Queen Mary’s medical research centre transforms one of the most earnest of building types into an exhilarating work of architecture. This much is immediately apparent and quite irresistible. The true test, however, will be whether the building really does enhance the hard-nosed research that is conducted within its walls. The verdict here will inevitably be slower coming forth. Even so, for such an impressive building to prove an uninspiring workplace would surely be a paradox too far.

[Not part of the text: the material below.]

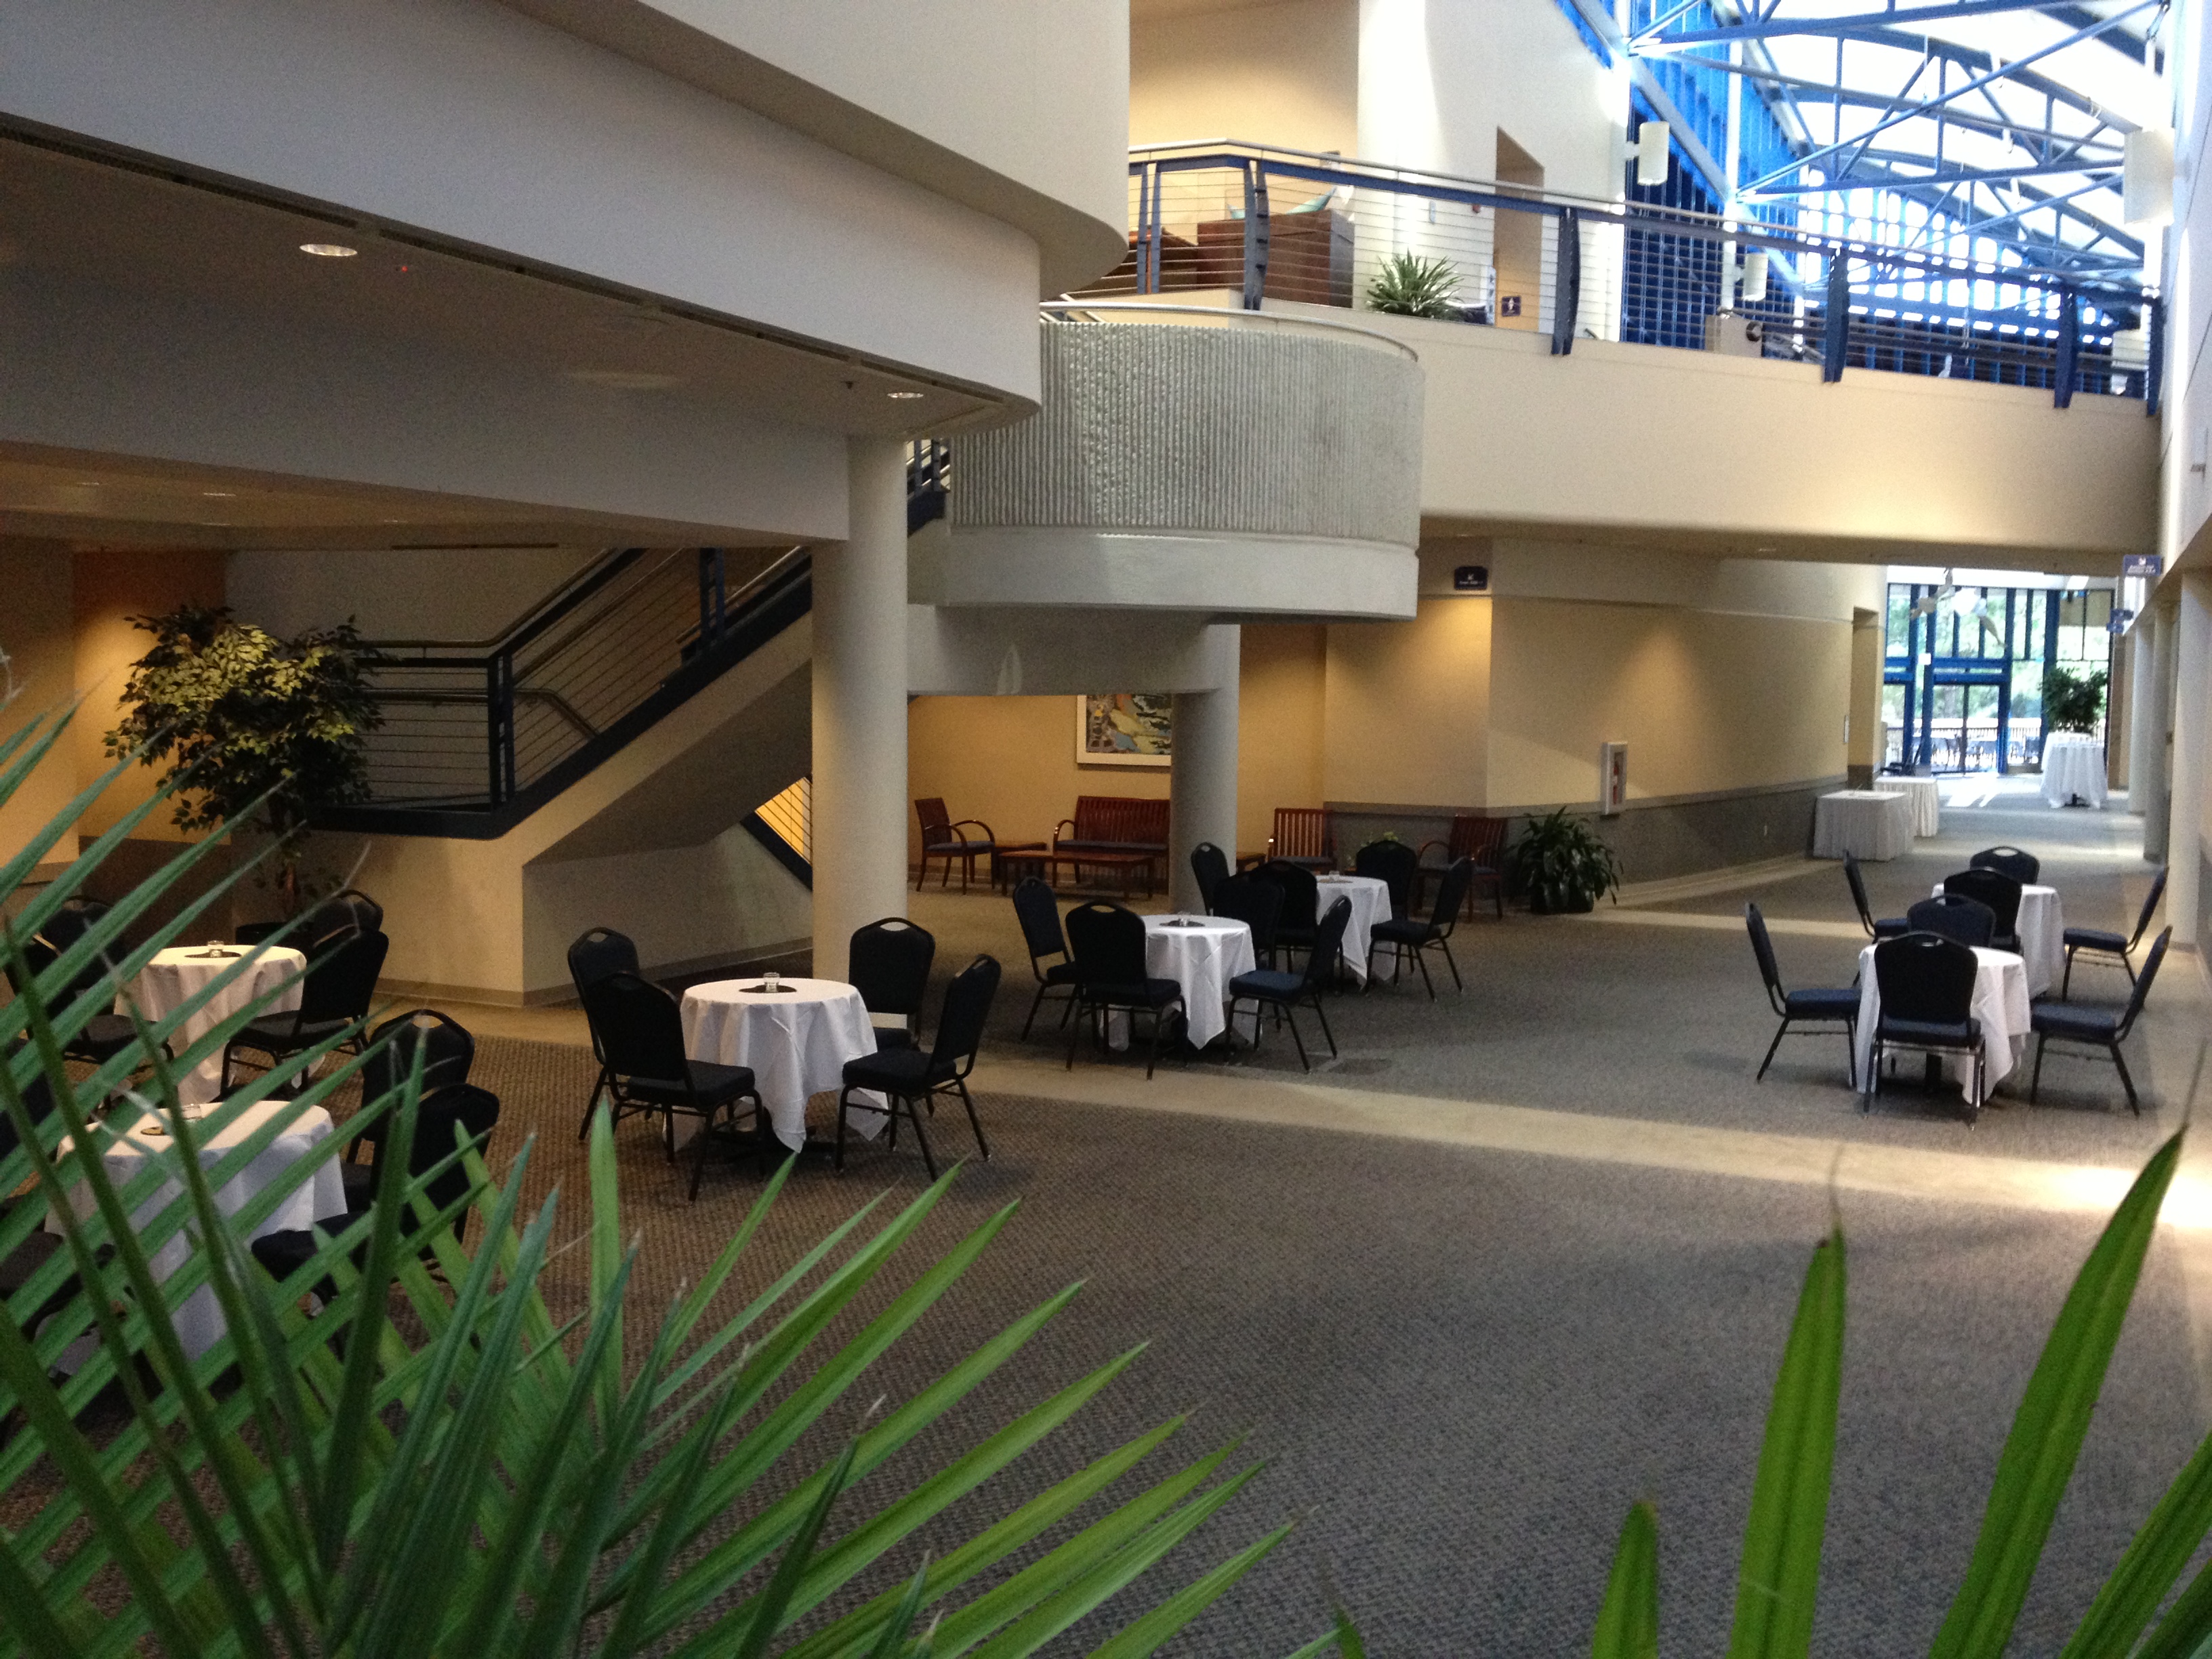 University Center hallway with tables setup throughout the hall

Queen Mary’s Institute of Cell and Molecular Science

client Queen Mary, University of London
architect Alsop Design and Amec Design & Management
structural engineer Adams Kara Taylor
services engineer WSP UK
fire engineer Warrington Fire Research
cost manager Turner & Townsend
project manager Gardiner & Theobald
main contractor Laing O’Rourke
pod construction Design & Display Systems, Architen Landrell
M&E engineering Crown House Engineering
structural steel Westbury Tubular Structures
structural concrete Laing O’Rourke
roofing Performance and Deck Roofing
curtain walling Seele
laboratory fit-out Labflex

Medical research building summary

Architecture
All the 10300 m2 research centre’s laboratories are combined in the 3000 m2 basement to encourage interaction between the 400 scientists. The wider of two elongated pavilions contains four meeting room pods and write-up spaces; the narrower one houses main reception, cafe and four floors of plant rooms.

Structure
The substructure is a reinforced concrete box that lines perimeter retaining walls of steel sheet welded directly to piled foundations. The two pavilion superstructures are steel framed. In the larger pavilion, inclined tubular steel columns are braced by a concrete roof plate to concrete stair towers.

Internal environment
The laboratories at the base of the open glass pavilion are environmentally segregated from the offices directly above by blowing a horizontal air curtain across the void at ground level. Air-handling units in the four upper floors of the narrow pavilion are remote from the basement laboratories, but wide air-distribution ducts reduce fan pressure and noise.

Fire safety
The level of structural fire protection was substantially reduced from 60 minutes recommended under building regulations. As the larger pavilion had a high ceiling and smoke vents in the roof, no fire protection was needed to the steel columns. Rooms containing high fire-risk equipment were individually compartmented.

Costs and procurement
The contractor was appointed on a JCT lump-sum contract after a two-stage tender and 85% of costs had been agreed. Even so, the whole design had to be value-engineered by £5m: a proposed bridge of offices across the atrium was superseded by a mezzanine floor, and humidity control was dropped. The estimated final construction cost is £34m, or £3300/m2.

Construction
The site was excavated to form the basement laboratories, but gravel spoil was recycled as aggregate in the building’s concrete. Experience in fitting out the Millennium Dome helped main contractor’s project manager cope with the special design intricacies, including the four extraordinary pods.